Question

analyzing two data sets
amber and chloe recorded the number of minutes they spent studying for ten days. their data are listed below.
■ amber: 25, 35, 30, 28, 27, 22, 65, 20, 33, 22
■ chloe: 55, 60, 45, 53, 44, 57, 64, 51, 45, 58
which statements are correct? check all that apply.
□ ambers data set contains an outlier.
□ chloes data set contains an outlier.
□ the median describes chloes data more accurately than the mean.
□ the median describes ambers data more accurately than the mean.
□ the difference between the mean and median of ambers data set is greater than the difference between the mean and median of chloes data set.

Explanation:

Step1: Sort Amber's data

Sorted data: $20, 22, 22, 25, 27, 28, 30, 33, 35, 65$

Step2: Check Amber's outliers

Calculate quartiles: $Q_1=22$, $Q_3=33$, $IQR=33-22=11$.
Lower bound: $22 - 1.5\times11=5.5$, Upper bound: $33 + 1.5\times11=49.5$.
$65>49.5$, so it is an outlier.

Step3: Sort Chloe's data

Sorted data: $44, 45, 45, 51, 53, 55, 57, 58, 60, 64$

Step4: Check Chloe's outliers

Calculate quartiles: $Q_1=45$, $Q_3=58$, $IQR=58-45=13$.
Lower bound: $45 - 1.5\times13=25.5$, Upper bound: $58 + 1.5\times13=77.5$.
All values are within bounds, no outliers.
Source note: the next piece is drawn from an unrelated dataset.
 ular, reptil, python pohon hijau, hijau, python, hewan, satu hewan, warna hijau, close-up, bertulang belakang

Step5: Calculate Amber's mean/median

Mean: $\frac{25+35+30+28+27+22+65+20+33+22}{10}=\frac{307}{10}=30.7$
Median: $\frac{27+28}{2}=27.5$
Difference: $|30.7-27.5|=3.2$
Outliers skew mean, so median is more accurate.
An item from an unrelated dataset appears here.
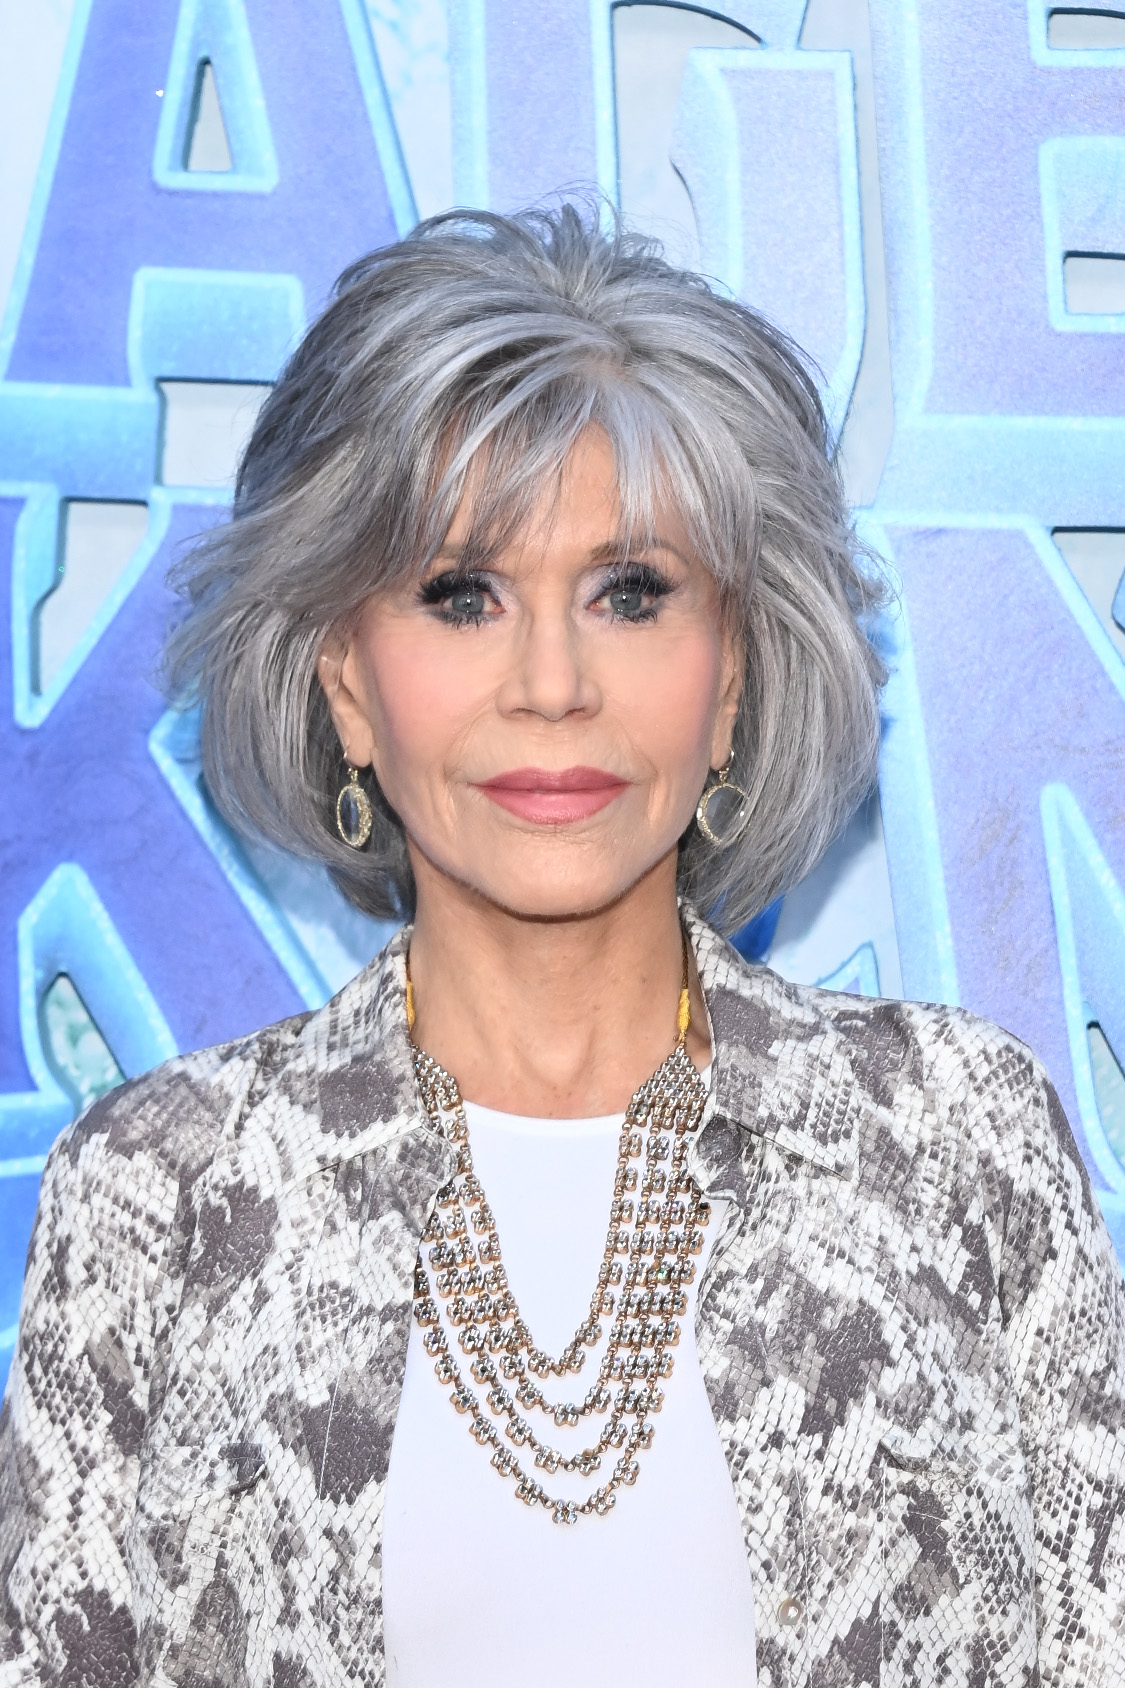 Jane Fonda bei der Premiere von "Ruby Gillman: Teenage Kraken" im Jahr 2023 | Quelle: Getty Images

Step6: Calculate Chloe's mean/median

Mean: $\frac{55+60+45+53+44+57+64+51+45+58}{10}=\frac{532}{10}=53.2$
Median: $\frac{53+55}{2}=54$
Difference: $|53.2-54|=0.8$
No outliers, mean/median are close; mean is accurate.
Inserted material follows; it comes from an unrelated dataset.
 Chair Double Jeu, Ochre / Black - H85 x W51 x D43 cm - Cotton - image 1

Step7: Compare mean-median differences

$3.2>0.8$, so Amber's difference is larger.

Answer:

• Amber's data set contains an outlier.
• The median describes Amber's data more accurately than the mean.
• The difference between the mean and median of Amber's data set is greater than the difference between the mean and median of Chloe's data set.